Lastly, the new protocols are not based on a character stream (SSH). This allows for information to flow both ways with multiple streams of instructions, results, and diagnostics, as well as large test inputs and outputs that may be in binary format.

Test results

Test results will no longer be constrained to a suite-level pass/fail outcome, but will be enumerated in fine detail and with structured format. Diagnostics collected during the test, such as logs captured from the test realm throughout the duration of the test, will be organized in a manner associated with the tests that produced them. There will be standard support for other artifacts from tests, such as profiles collected during test runtime or large test outputs such as screenshots taken during the test. The schema for the result format will be published in the SDK to support processing by out-of-tree tools.

Documentation

Developer guides such as this will be reviewed, edited, and simplified to be useful to out-of-tree developers. In-tree and out-of-tree testing workflows will be unified such that these guides won’t have information specific to Fuchsia in-tree/out-of-tree developers, or separate sections for such different audiences.

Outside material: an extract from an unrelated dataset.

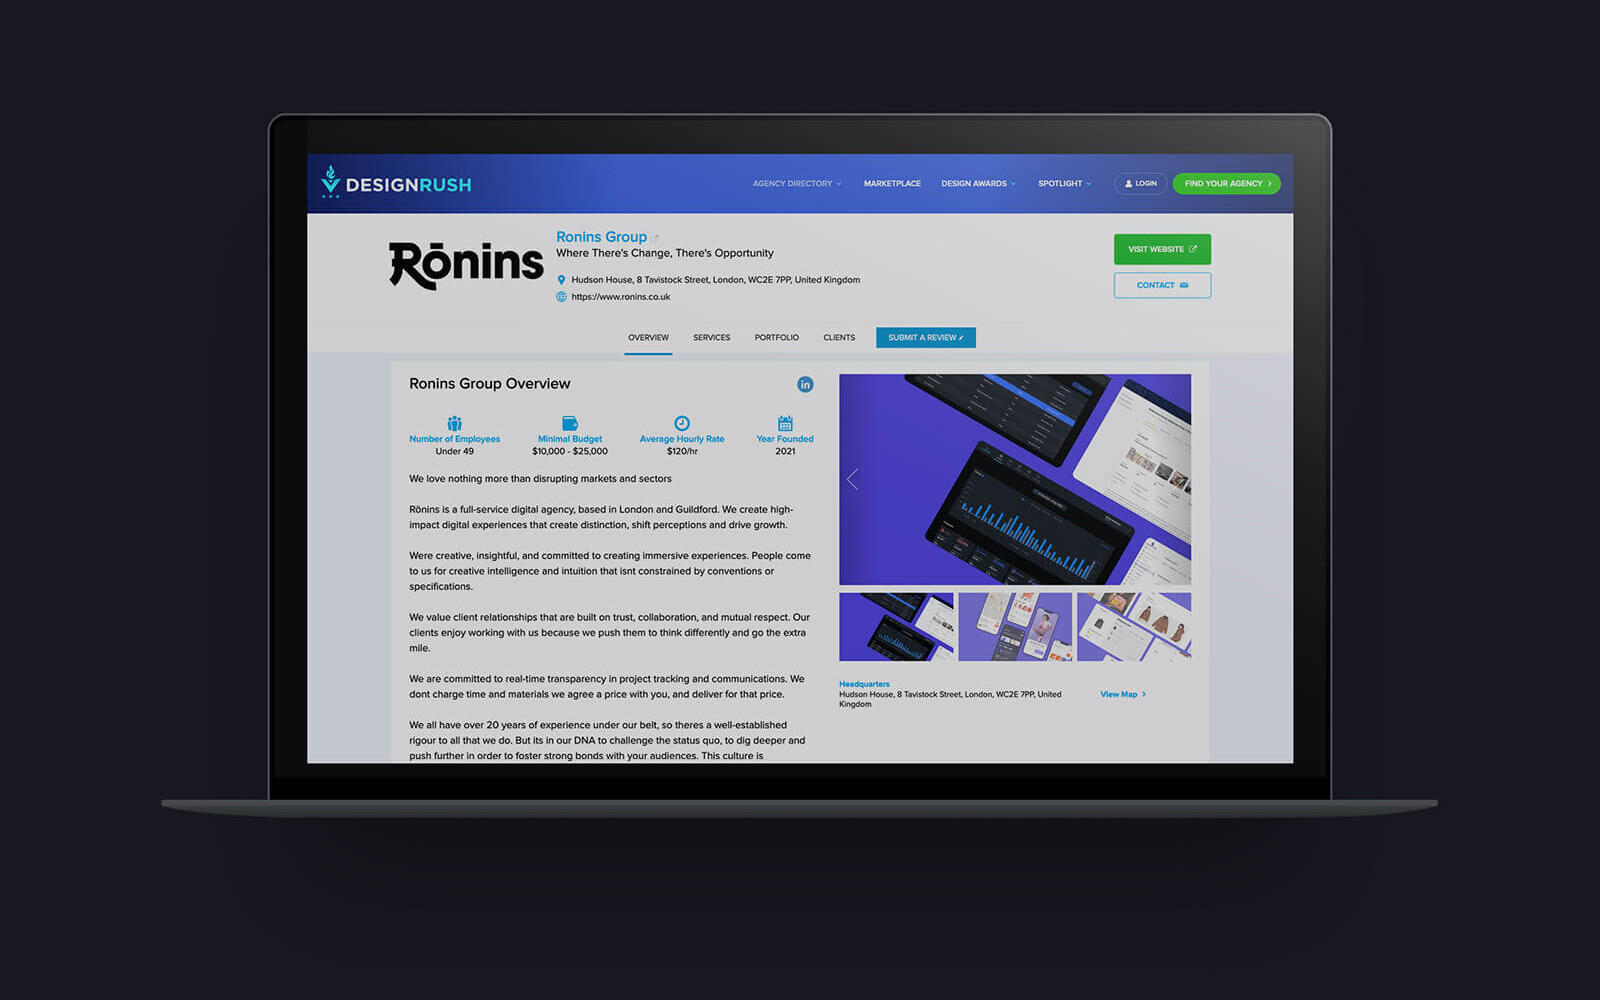 DesignRush website featuring Ronins

A new onboarding guide detailing the "Journey of Testing" will be developed. This guide will provide an entrypoint to developers who need to ensure their code is properly tested with both unit and integration tests. The goals of this guide are to 1) aid developers in making the correct choice about which type of test to write, and 2) quickly bring developers to a point where their tests are prepared to take advantages of more advanced testing strategies (such as CTS and Stress Testing).

Virtualization support

Virtual targets such as emulators are very useful and popular for testing. Fuchsia currently offers to download a distribution of qemu that has been tested to work with Fuchsia. However there are additional tools for working with virtualized targets, such as fx qemu and fx gce, that are only available in-tree.

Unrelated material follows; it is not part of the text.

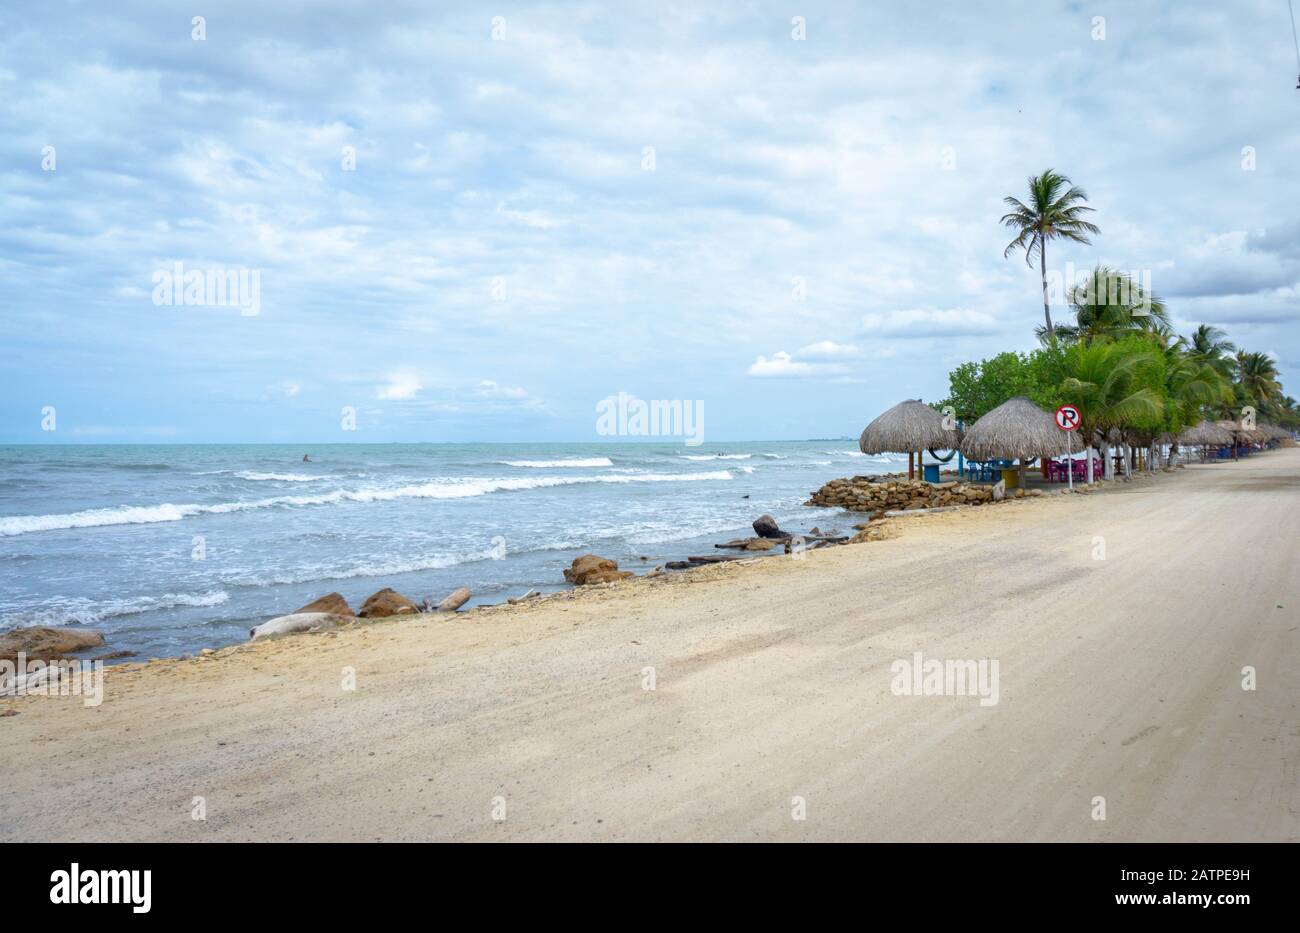 cabañas a la orilla del mar en playa colombiana Stock Photo

We will map the gap between in-tree and out-of-tree support for running Fuchsia on virtualized targets, and address it to close testing workflow gaps as needed.

Dependencies

The FFX tool and associated stack.
The Fuchsia IDK, and any SDK frontends used by out-of-tree developers.
Making RealmBuilder available out-of-tree.
Exposing RealmBuilder via the SDK. This includes the underlying protocol, and at least one client library.
Extending RealmBuilder to support additional languages.

Risks and mitigations

N/A

Not in scope

End-to-end testing (aka system testing)

This proposal focuses on component testing, which takes the form of unit testing a single component or integration testing that spans multiple components. System tests, also known as end-to-end (or e2e) tests, don't exercise specific component instances but rather the entire system under test. As such they differ in many ways from component tests such as in developer needs and use cases, and in the platform's ability to offer isolation between e2e tests.

The current popular solution for e2e tests is SL4F (Scripting Layer for Fuchsia). The implementation includes a target-side daemon that is included in some Fuchsia images and can perform a documented set of system automation tasks, and a client library written in Dart that is available in the Fuchsia SDK.

Additionally, there exist CFv1 component tests that are arguably system tests. This is possible because the legacy CFv1 test runtime allows accessing real system services, as a legacy compromise that is intentionally not supported in CFv2 testing. For the purpose of this discussion we consider such strictly non-hermetic CFv1 component tests to be system tests as well.

Current challenges in scaling e2e test development include:

Adding facades to SL4F requires changing platform code and redistributing Fuchsia system images. Out-of-tree developers cannot extend SL4F's capabilities to automate a system.
SL4F does not rely on ffx, but rather uses its own transport layer, protocols, target discovery, and configuration. These differences add to the ongoing maintenance cost and introduce inconsistencies and friction in the developer experience.
Only a Dart client library is provided.

Since system tests are so uniquely different than component tests, this topic is covered in a separate roadmap document.